BGP
Learn about Border Gateway Protocol (BGP), which functions between autonomous systems
or within an AS to exchange routing and reachability information with BGP
speakers.
Where Can I Use This? | What Do I Need? |
- NGFW (Managed by PAN-OS or Panorama)
| |
Border Gateway Protocol (BGP) is the primary Internet
routing protocol. BGP determines network reachability based on IP
prefixes that are available within autonomous systems (AS), where
an AS is a set of IP prefixes that a network provider has designated
to be part of a single routing policy.
BGP functions between autonomous systems (exterior BGP or eBGP) or within an AS (interior
BGP or iBGP) to exchange routing and reachability information with BGP speakers. The
firewall provides a complete BGP implementation, which includes the following
features:
Specification of one BGP routing instance per virtual router.

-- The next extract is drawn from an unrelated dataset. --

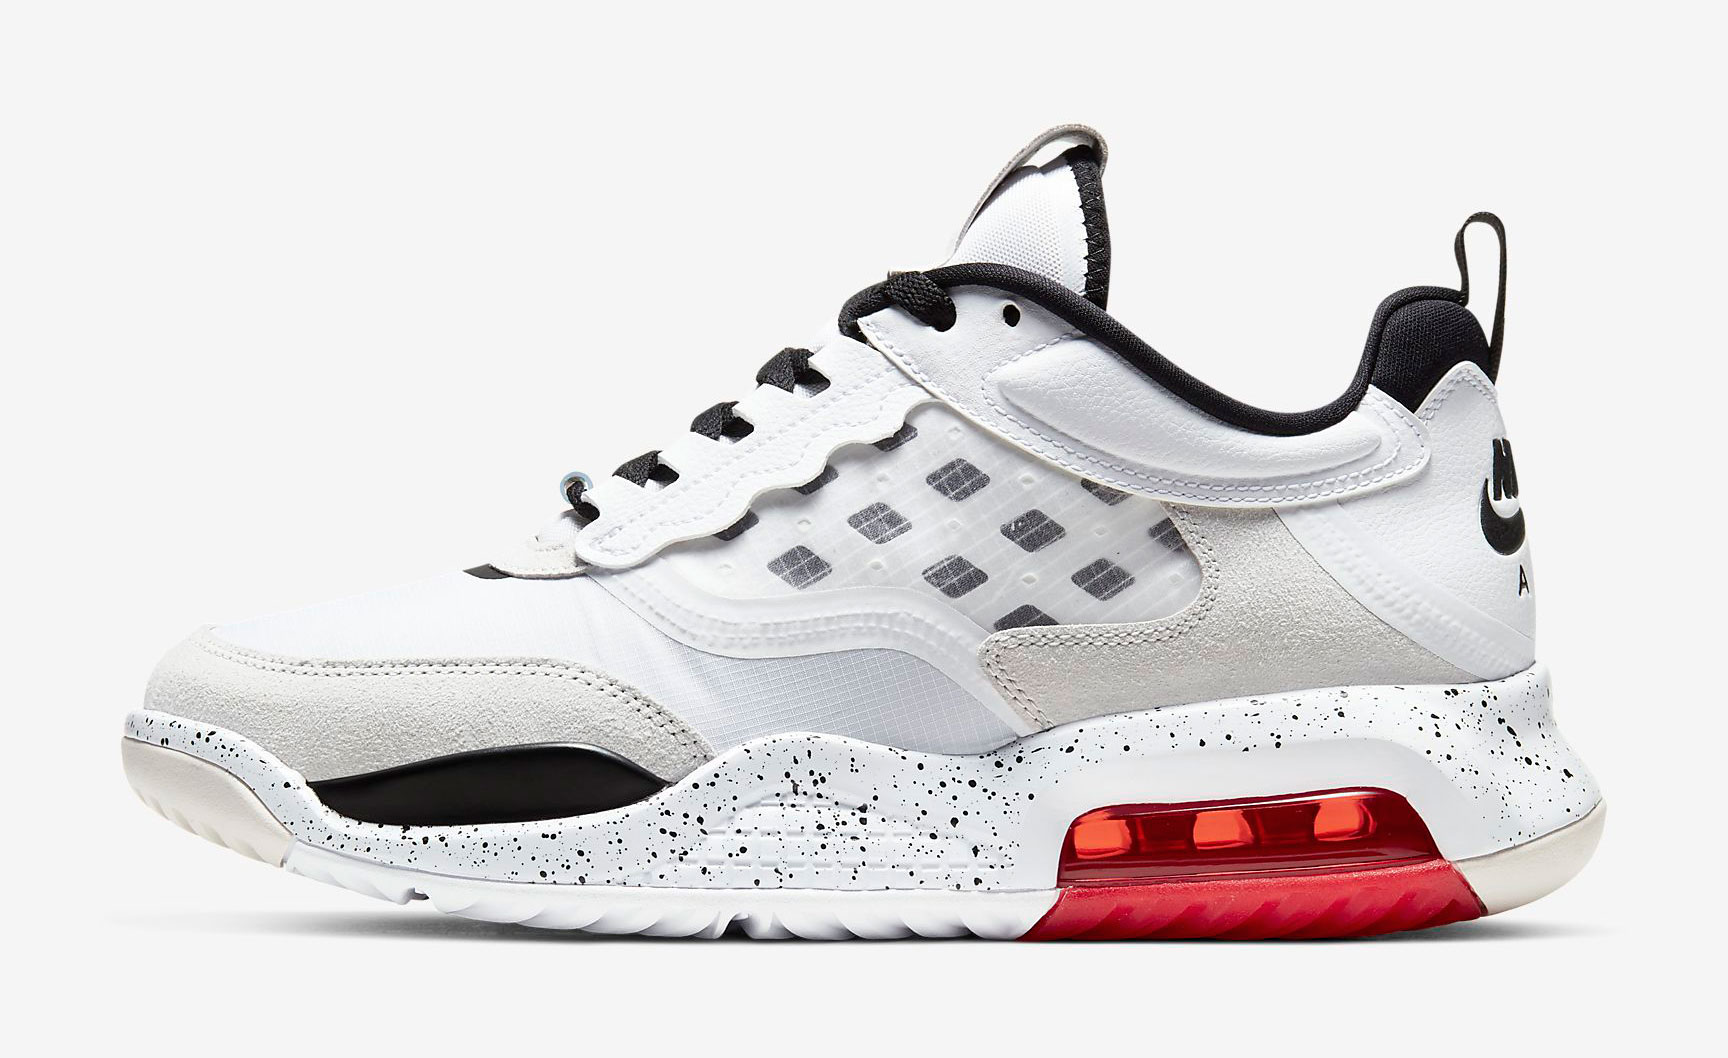 jordan-air-max-200-white-challenge-red-release-date

BGP settings per virtual router, which include basic parameters such as local
router ID and local AS, and advanced options such as path selection, route
reflector,
BGP
Confederations, route flap dampening, and graceful restart.
Peer group and neighbor settings, which include neighbor address and remote AS,
and advanced options such as neighbor attributes and connections.
Route policies to control route import, export and advertisement; prefix-based
filtering; and address aggregation.
IGP-BGP interaction to inject routes to BGP using redistribution profiles.
Authentication profiles, which specify the MD5 authentication key for BGP
connections. Authentication helps prevent route leaking and successful DoS
attacks.
Multiprotocol BGP (MP-BGP) to allow BGP peers to carry IPv6 unicast routes and
IPv4 multicast routes in Update packets, and to allow the firewall and a BGP
peer to communicate with each other using IPv6 addresses.
BGP supports a maximum of 255 AS numbers in an AS_PATH list for a prefix.